堆栈内存溢出
  简体   繁体   English

在具有共享用户的公共服务器上使用git私钥的最佳实践

[英]Best practice for using git private key on a public server with a shared user

 原文  2014-12-17 00:40:56       git/ ssh/ private-key/ assembla

问题描述

I Currently use some servers to do some benchmarks. 我目前使用一些服务器来做一些基准测试。 I need to log into multiple servers and git clone ... from assembla. 我需要从assembla登录到多个服务器和git clone...。

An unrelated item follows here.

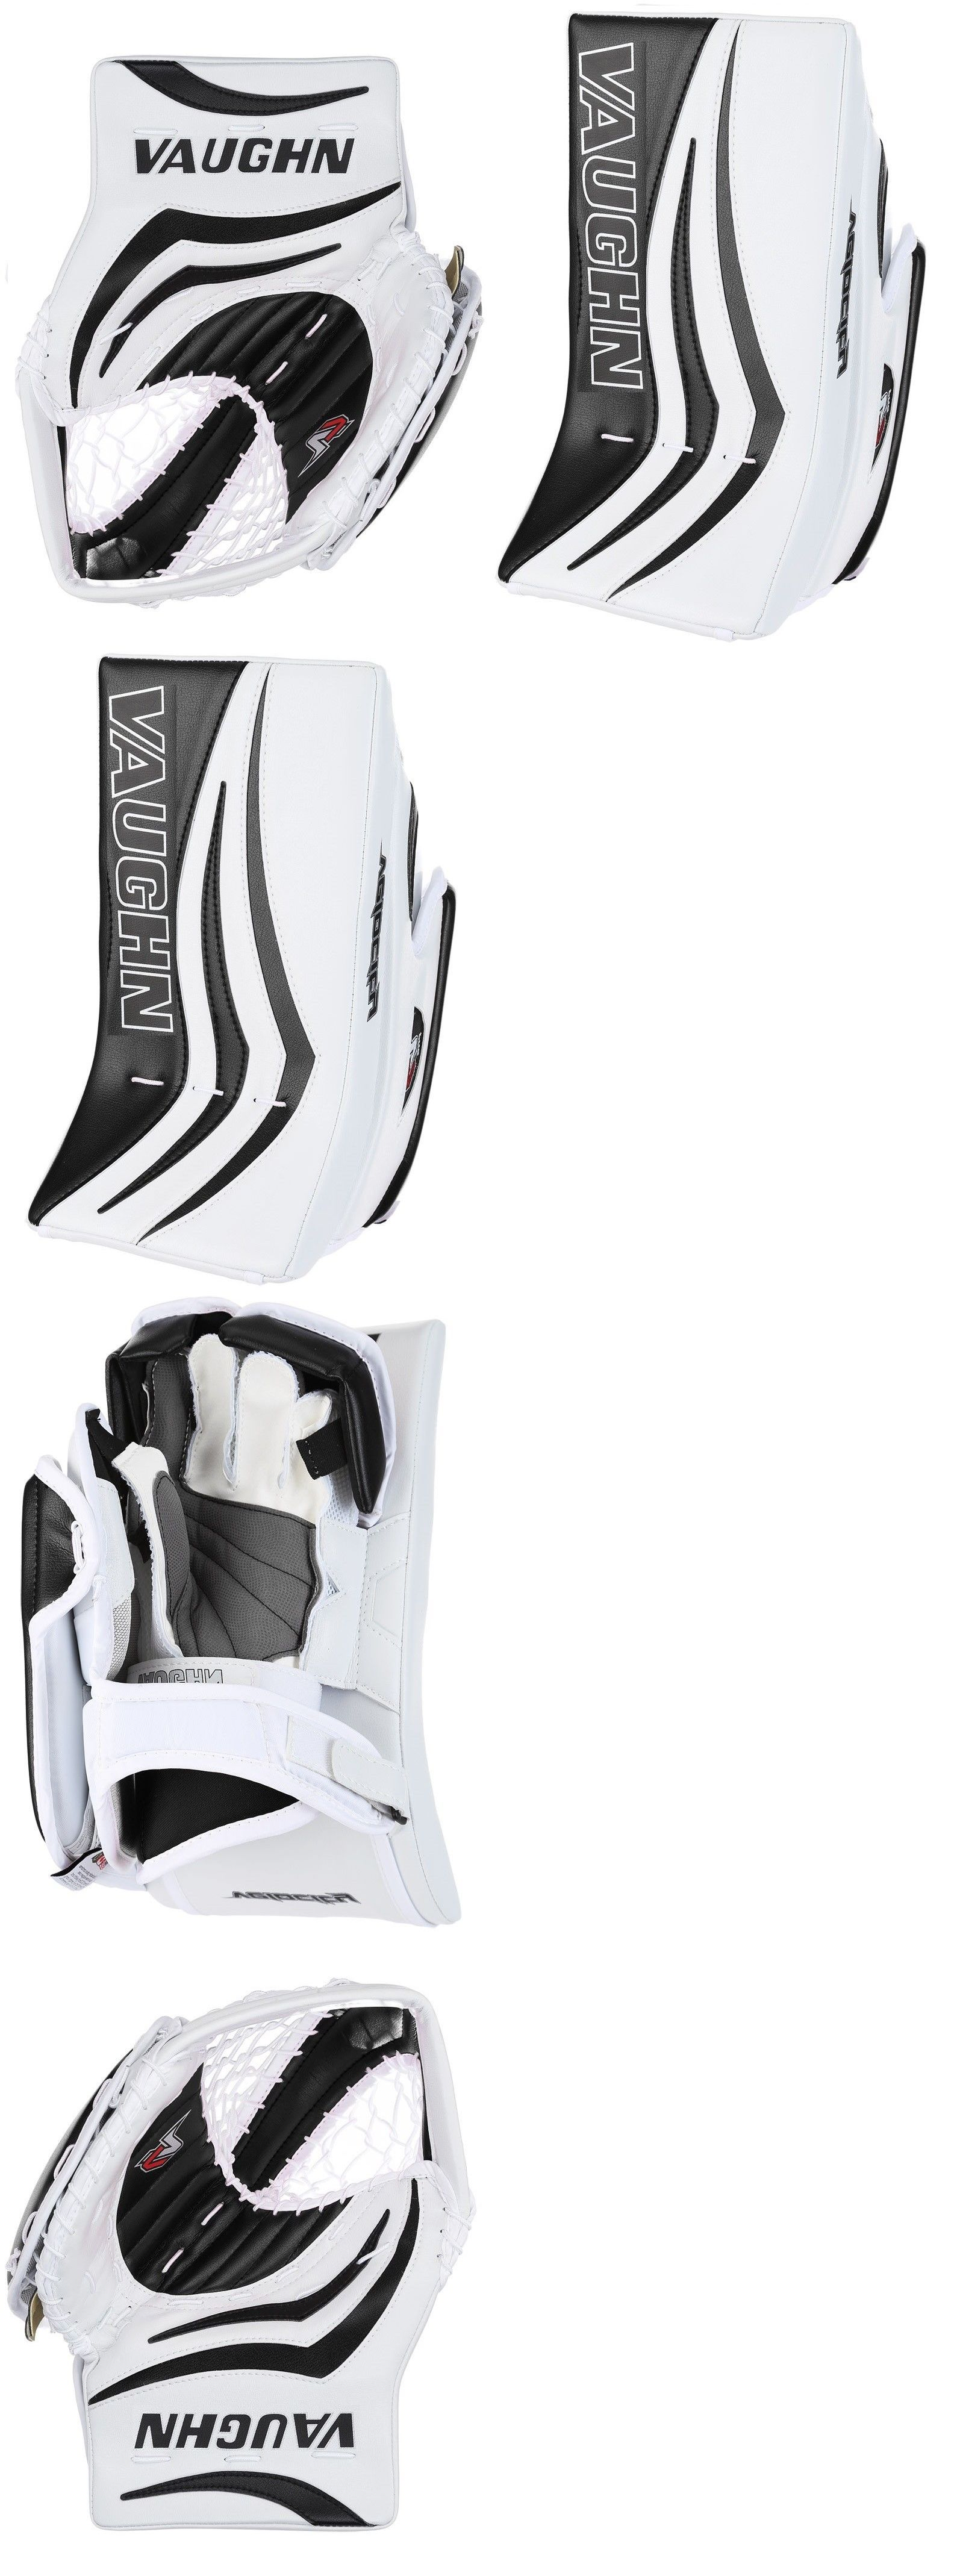 d365c4d85b4 Gloves and Blockers 79763  Vaughn Xr Pro Hockey Goalie Blocker Glove Sr  Full Right Velocity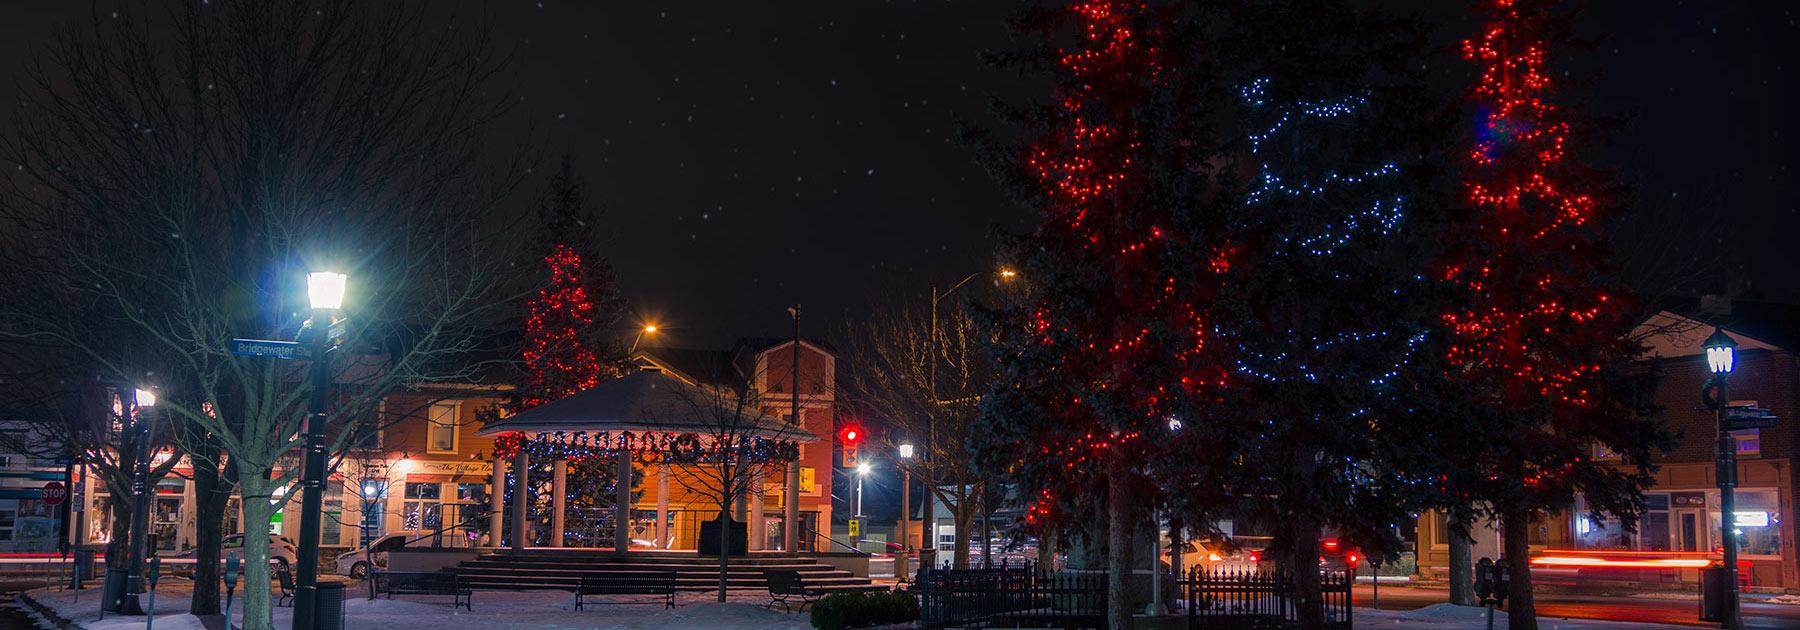 Lights in Cummington Square Chippawa Niagara Falls

Currently I copy my private key to the server and then update the .ssh/config file. 当前,我将私钥复制到服务器,然后更新.ssh/config文件。 Although I share this user and server with other people to do their benchmarks. 尽管我与其他人共享此用户和服务器来进行基准测试。 What is the best practice for this(without creating a new user for everyone on the server). 最佳做法是什么(不为服务器上的每个人创建新用户)。 Is there anyway I can use ssh-add key then use git on the server and pull the repo without storing the key on the server? 无论如何,我可以使用ssh-add密钥,然后在服务器上使用git并拉回购而不将密钥存储在服务器上吗?

1 个解决方案

解决方案1
 1 已采纳  2014-12-17 10:57:59

Enable SSH agent forwarding 启用S​​SH代理转发

Since you're using key-based authentication, the best solution is to allow forwarding of the authentication agent connection over the secure channel . 由于您使用的是基于密钥的身份验证,因此最佳的解决方案是允许通过安全通道转发身份验证代理连接 If your public key is stored on the last server, there's no need to store your corresponding private key on the intermediate host. 如果您的公钥存储在最后一台服务器上,则无需在中间主机上存储相应的私钥。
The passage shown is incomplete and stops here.